A bill that could have opened Fairmount Park to housing construction and other development was withdrawn from City Council consideration yesterday after its sponsor decided the legislation's sweep took it far beyond its intended purpose.

A bill that could have opened Fairmount Park to housing construction and other development was withdrawn from City Council consideration yesterday after its sponsor decided the legislation's sweep took it far beyond its intended purpose.

Councilwoman Joan L. Krajewski said yesterday she was withdrawing her proposed amendment to the city code for the simple reason that "the legislation was written wrong."

She said her intention was to craft a bill - an amendment to the city's zoning provisions - that would help resolve long-standing problems at Glen Foerd on the Delaware, a historic estate in her district.

Call it the law of unintended consequences, but the legislation introduced earlier this month and scheduled for a Council committee hearing June 3 seemed to have such a wide reach that all of the park's 11,000-plus acres would have been affected.

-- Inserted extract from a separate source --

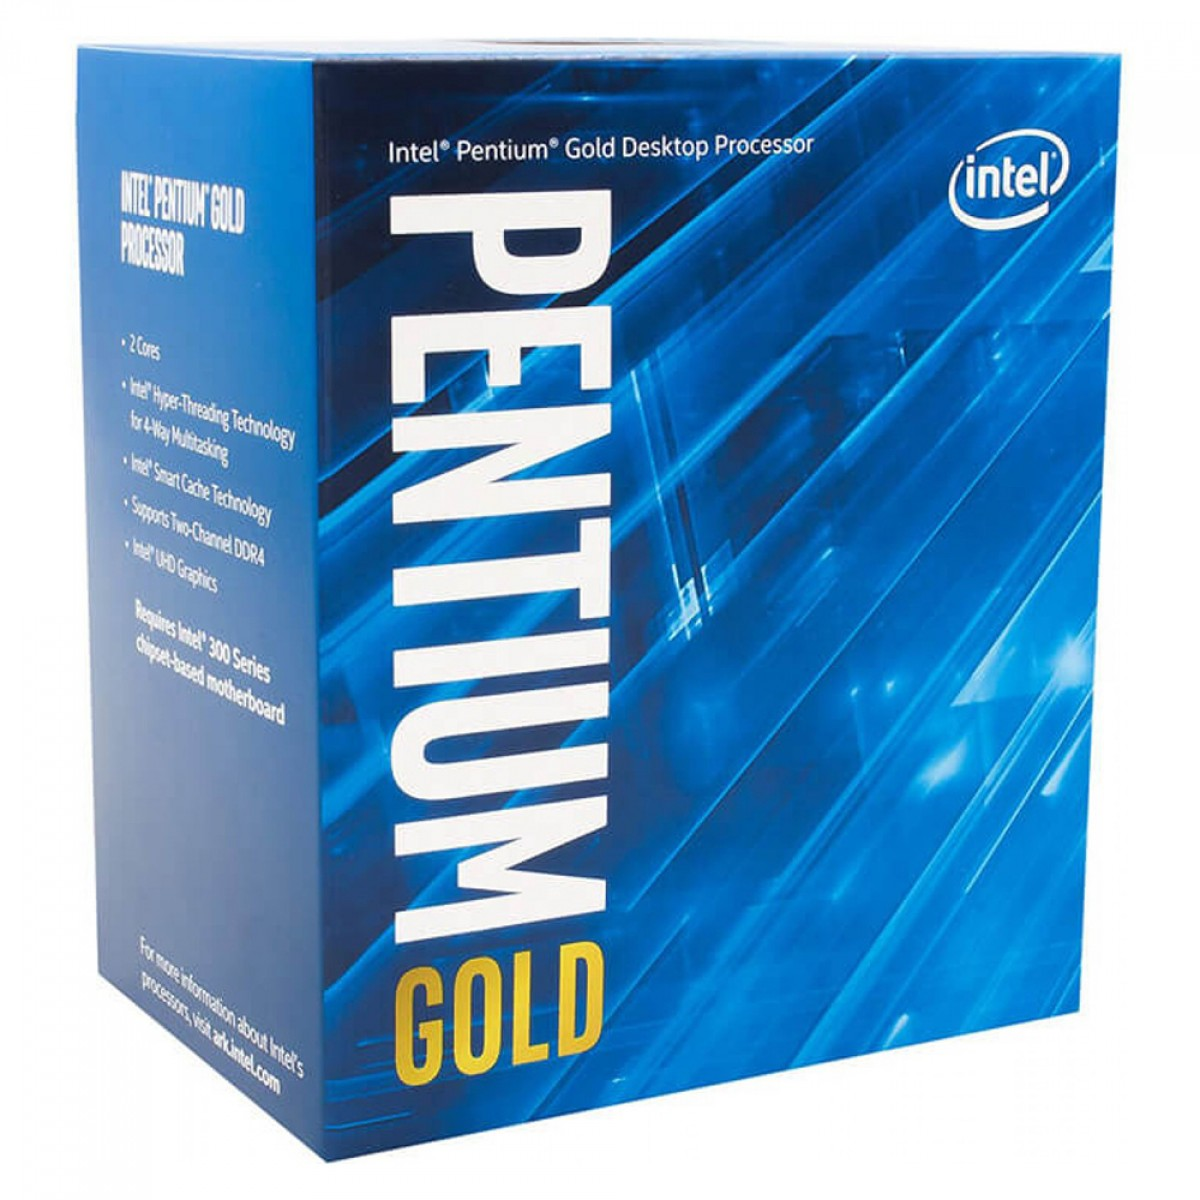 Kit Upgrade, Asus Prime H310M-E + Intel Pentium Gold G5420 + 4GB DDR4 2666MHz

"All it was trying to do was help Glen Foerd," Krajewski said yesterday of her bill. "I will withdraw the legislation, and I will be working with people to try and help [Glen Foerd]. It's a beautiful place."

Tony Radwanski, board chairman of the Glen Foerd Conservation Corp., said representatives from Krajewski's office, Glen Foerd, and park advocacy groups would be meeting within a week to come up with an acceptable alternative to the bill.

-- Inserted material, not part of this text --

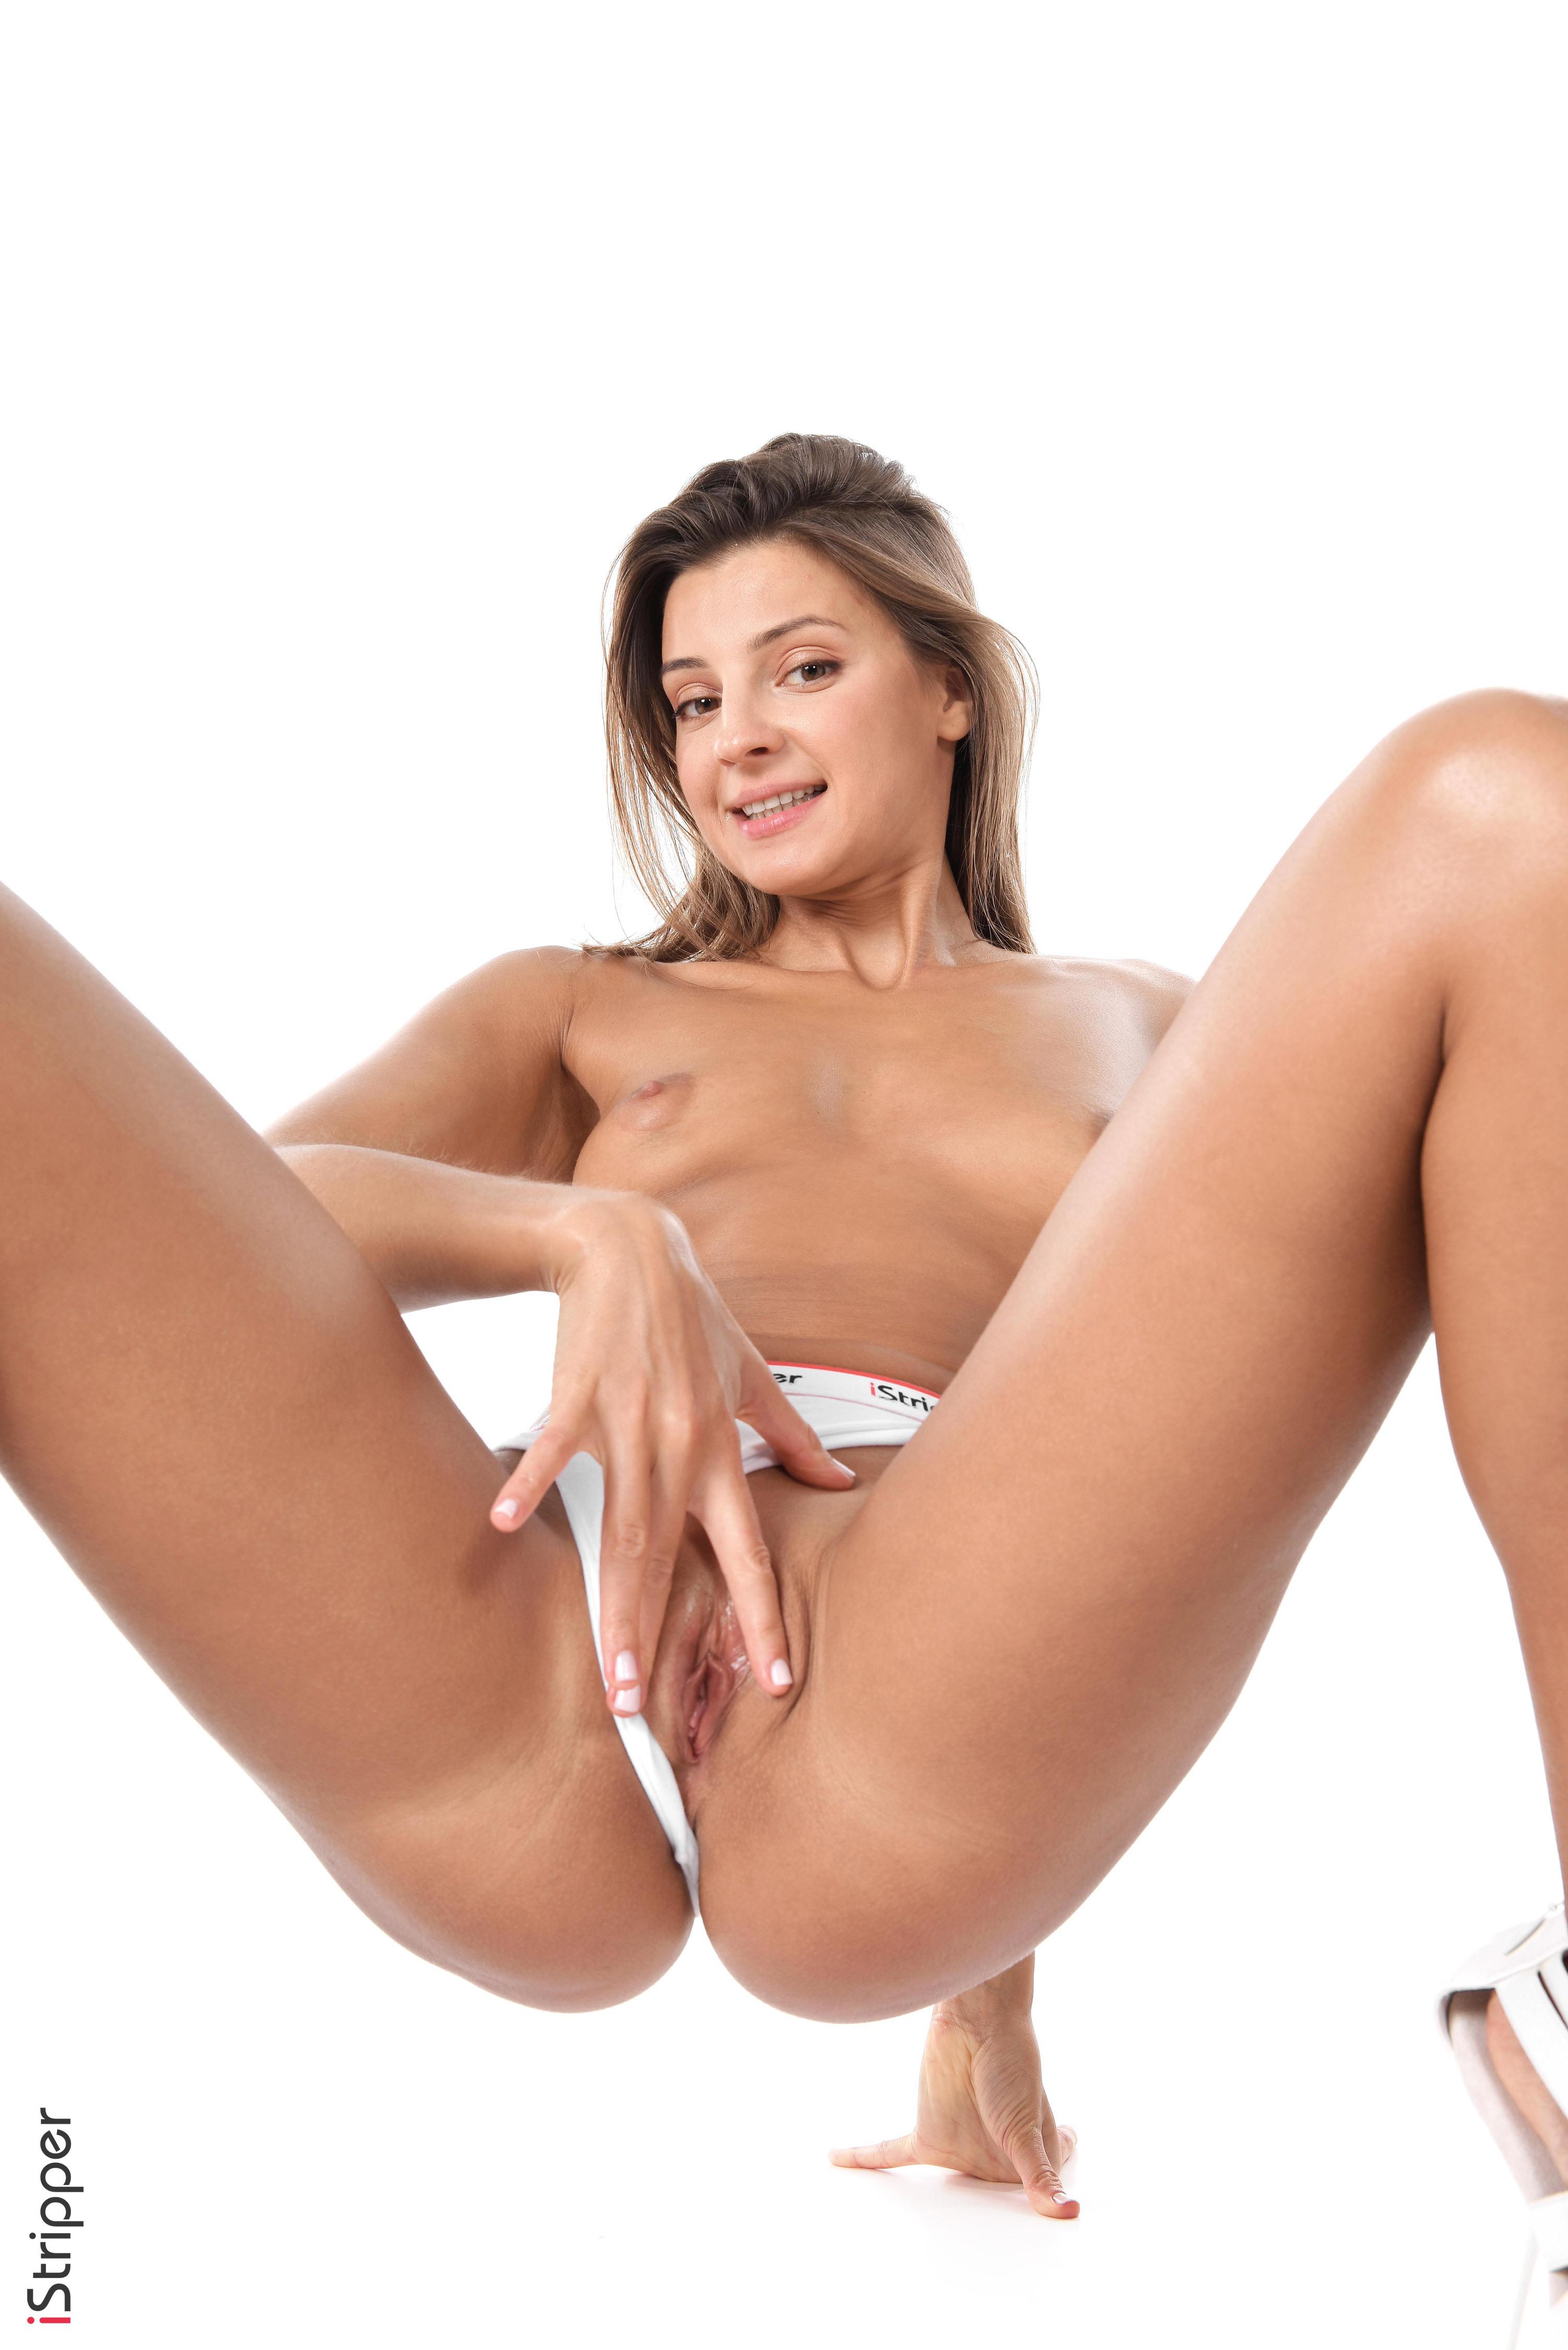 hot sexy Bare wallpaper

"Councilwoman Krajewski didn't want this to have any effect on the whole park," Radwanski said. "We need to fine-tune it. This should not be an adversarial position. All we're trying to do is preserve this historic site."

Specifically, the bill would have allowed catering facilities, conference centers, detached single-family dwellings, meeting facilities, museums, parking, and "accessory uses." Those activities would have been allowable within undefined "recreational districts" that would have included Fairmount Park.

Michael DiBerardinis, commissioner of the city's newly combined parks and recreation department, expressed concern over the breadth of the legislation. The Philadelphia Parks Alliance said it was "strongly opposed" to the bill, and several members of the outgoing Fairmount Park Commission said they worried about park development in the future.

Krajewski said the whole tempest could be traced to vague language.

"I've been working with [Glen Foerd], and I've been working with the park commission," she said. "I certainly do not want to hurt the parks."